We provide the code (in pytorch) and datasets for our paper "Generalized Graph Prompt: Toward a Unification of Pre-Training and Downstream Tasks on Graphs". This is an extension of "GraphPrompt: Unifying Pre-Training and Downstream Tasks for Graph Neural Networks", accepted by the ACM Web Conference (WWW) 2023.
- data/: contains data we use.
- graphdownstream/: implements pre-training and downstream tasks at the graph level.
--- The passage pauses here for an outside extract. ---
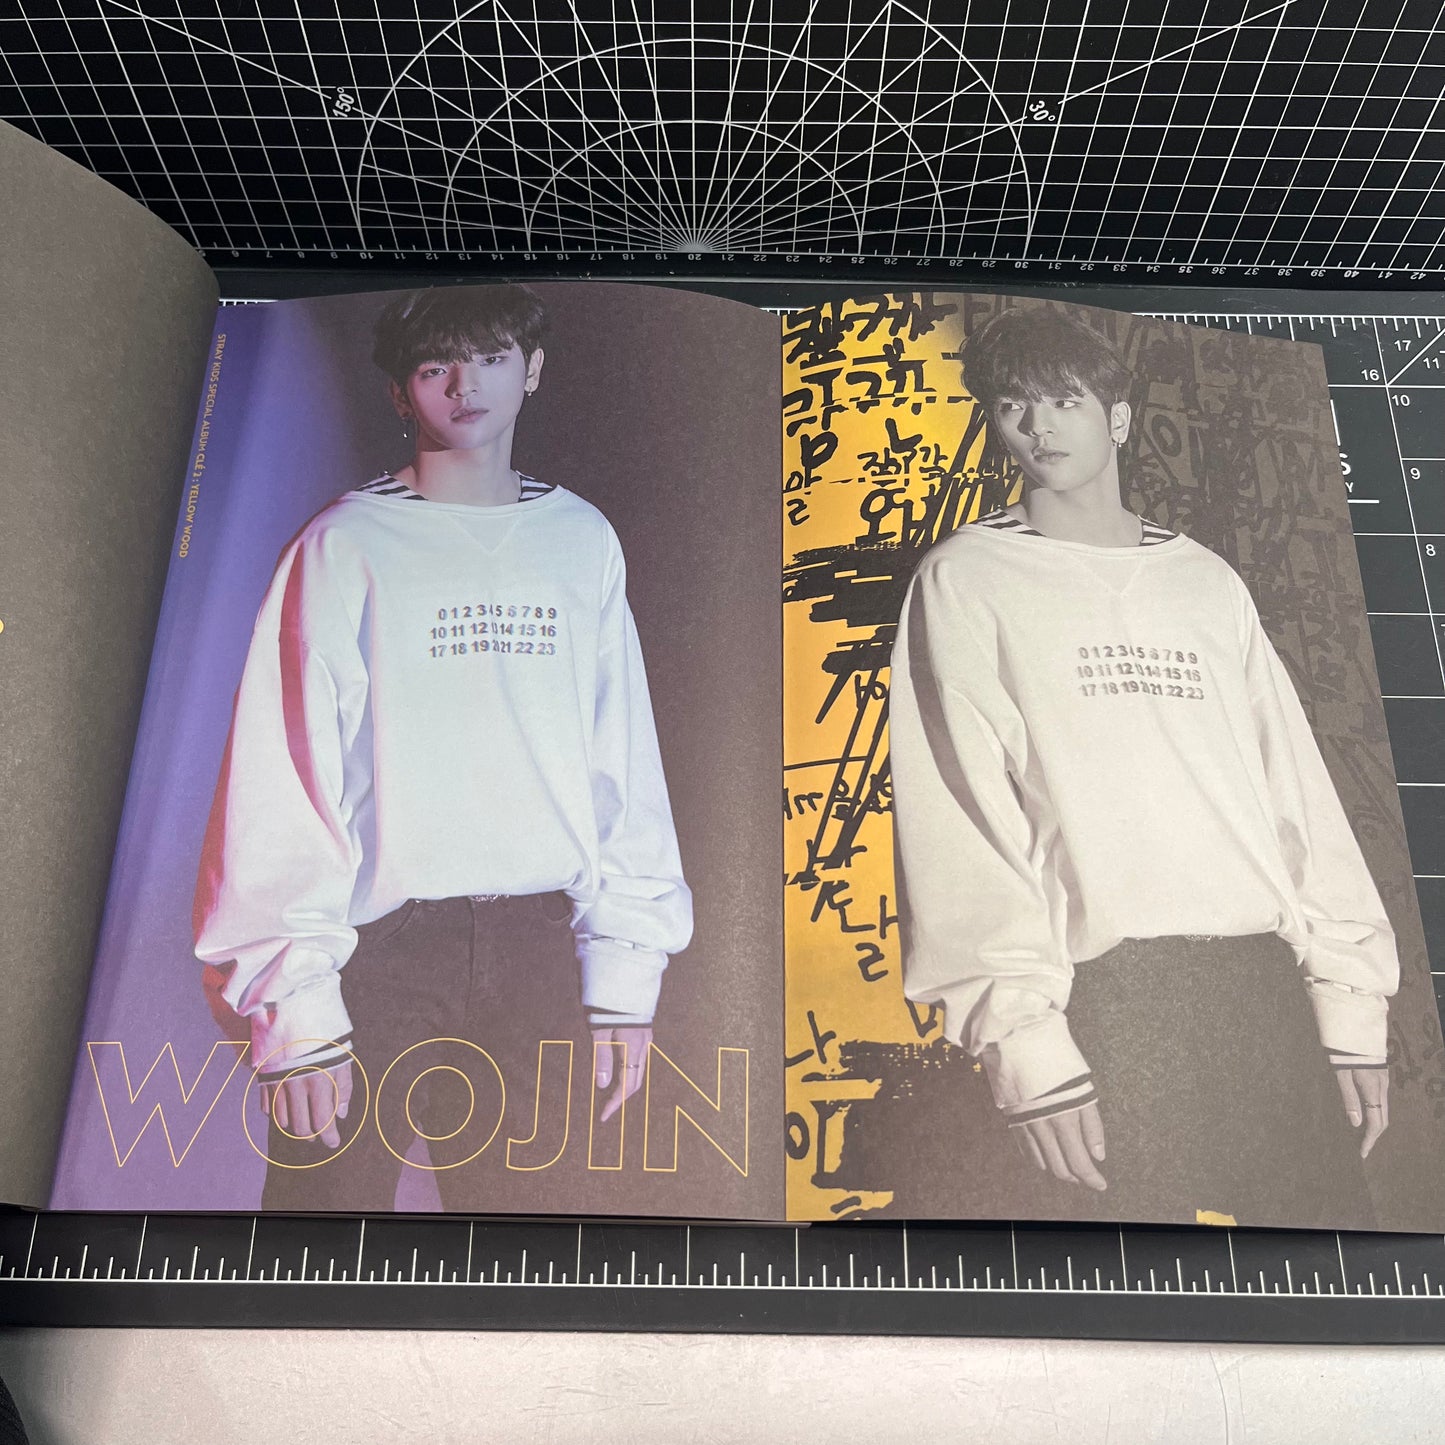 Stray Kids Special Album CLÉ : YELLOW WOOD (CLÉ 2) - Woojin Poster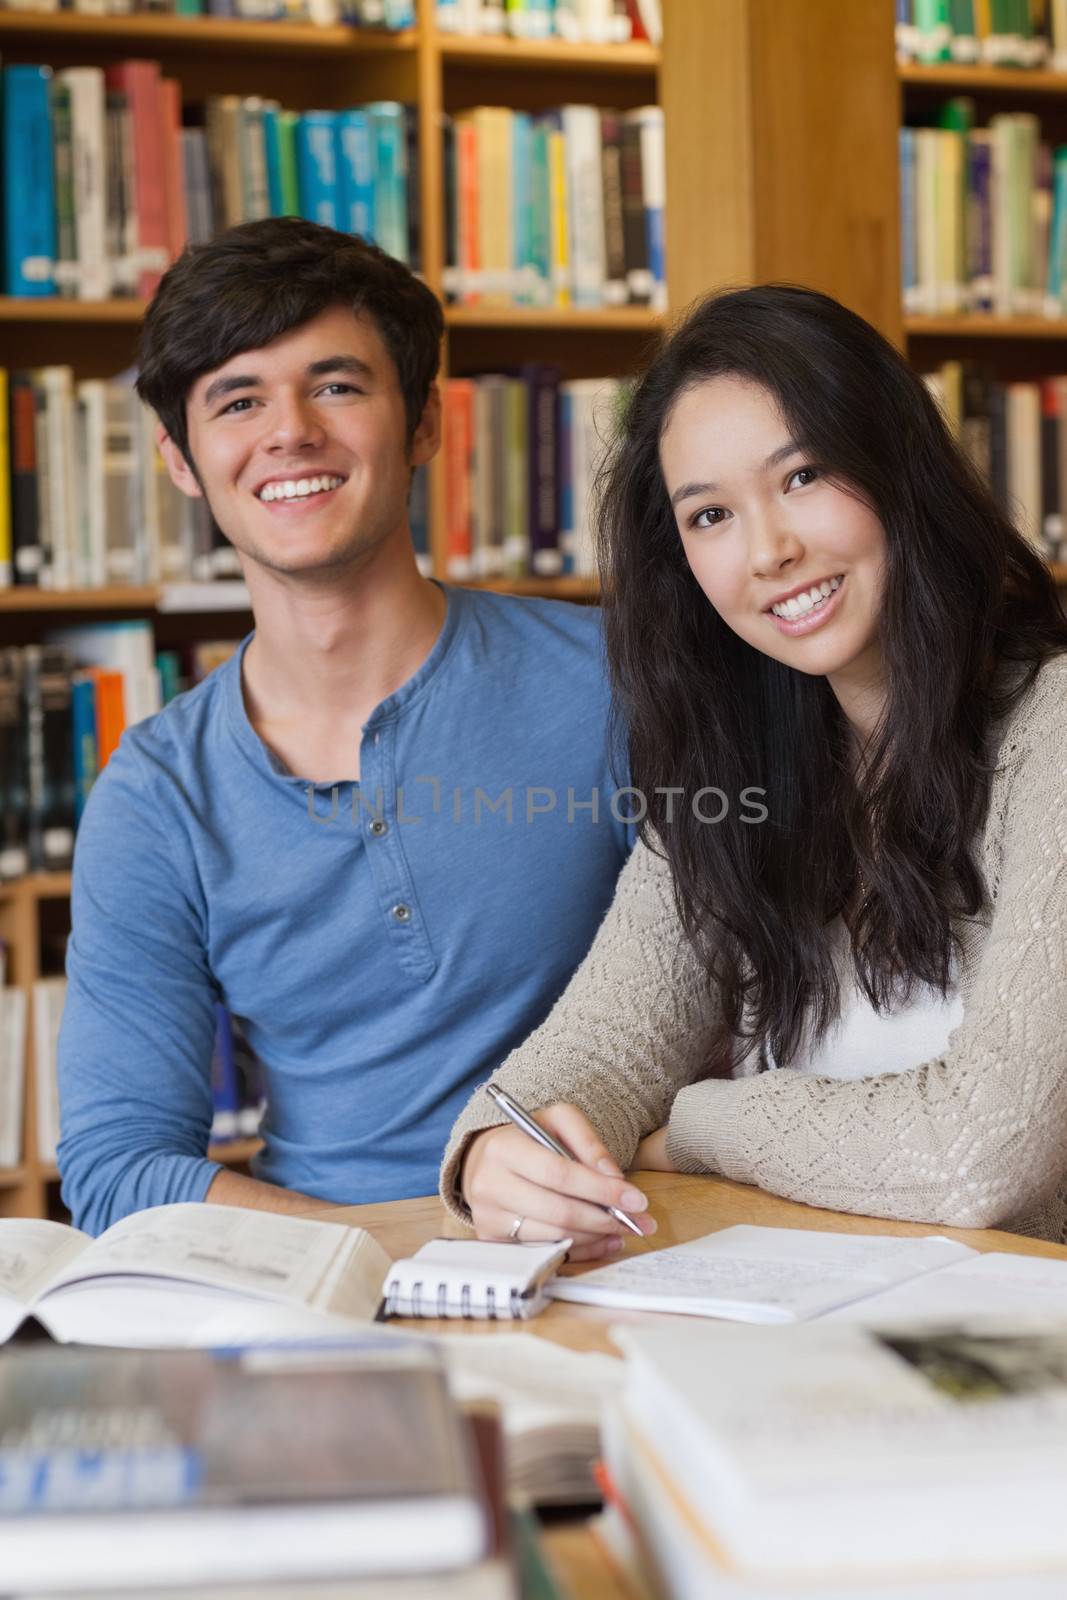 Two people sitting in a library at a desk and learning while smiling

- nodedownstream/: implements downstream tasks at the node level.
- 3.6.0<= python <=3.8.0
- pip install -r requirements.txt
Default dataset is ENZYMES. You need to change the corresponding parameters in pre_train.py and prompt_fewshot.py to train and evaluate on other datasets.
Pretrain:
-python pre_train_GP.py --model GIN --gpu_id 0 --gcn_hidden_dim 32 --temperature 0.2 --batch_size 1024 --pretrain_hop_num 0 --lr 0.1 --epochs 400 --dropout 0 --seed 0 --max_ngv 126 --max_nge 298 --max_ngvl 7 --max_ngel 2 --node_feature_dim 18 --graph_label_num 6 --graph_dir ../data/ENZYMES/raw --graphslabel_dir ../data/ENZYMES/ENZYMES_graph_labels.txt --save_data_dir ../data/ENZYMESPreTrain --save_model_dir ../dumps/ENZYMESPreTrain/GIN --share_emb False --predict_net_add_enc True --predict_net_add_degree True
Prompt tune and test:
python prompt_fewshot_GP.py --pretrain_model GIN --gpu_id 0 --reg_loss NLL --bp_loss NLL --prompt FEATURE-WEIGHTED-SUM --epochs 100 --lr 0.01 --update_pretrain False --seed 0 --dropout 0 --dataset_seed 0 --train_shotnum 5 --val_shotnum 5 few_shot_tasknum 100 --gcn_graph_num_layers 3 --gcn_hidden_dim 32 --graph_finetuning_output_dim 2 --batch_size 512 --max_ngv 126 --max_nge 298 --max_ngvl 7 --max_ngel 2 --node_feature_dim 18 --graph_label_num 6 --graph_dir ../data/ENZYMES/raw --graphslabel_dir ../data/ENZYMES/ENZYMES_graph_labels.txt --save_data_dir ../data/ENZYMESPreTrain --save_pretrain_model_dir ../dumps/ENZYMESPreTrain/GIN --downstream_save_model_dir ../dumps/ENZYMESGraphClassification/Prompt/GIN-FEATURE-WEIGHTED-SUM/5train5val100task --save_fewshot_dir ../data/ENZYMESGraphClassification/fewshot --share_emb False --predict_net_add_enc True --predict_net_add_degree True
Default dataset is ENZYMES. You need to change the corresponding parameters in prompt_fewshot.py to train and evaluate on other datasets.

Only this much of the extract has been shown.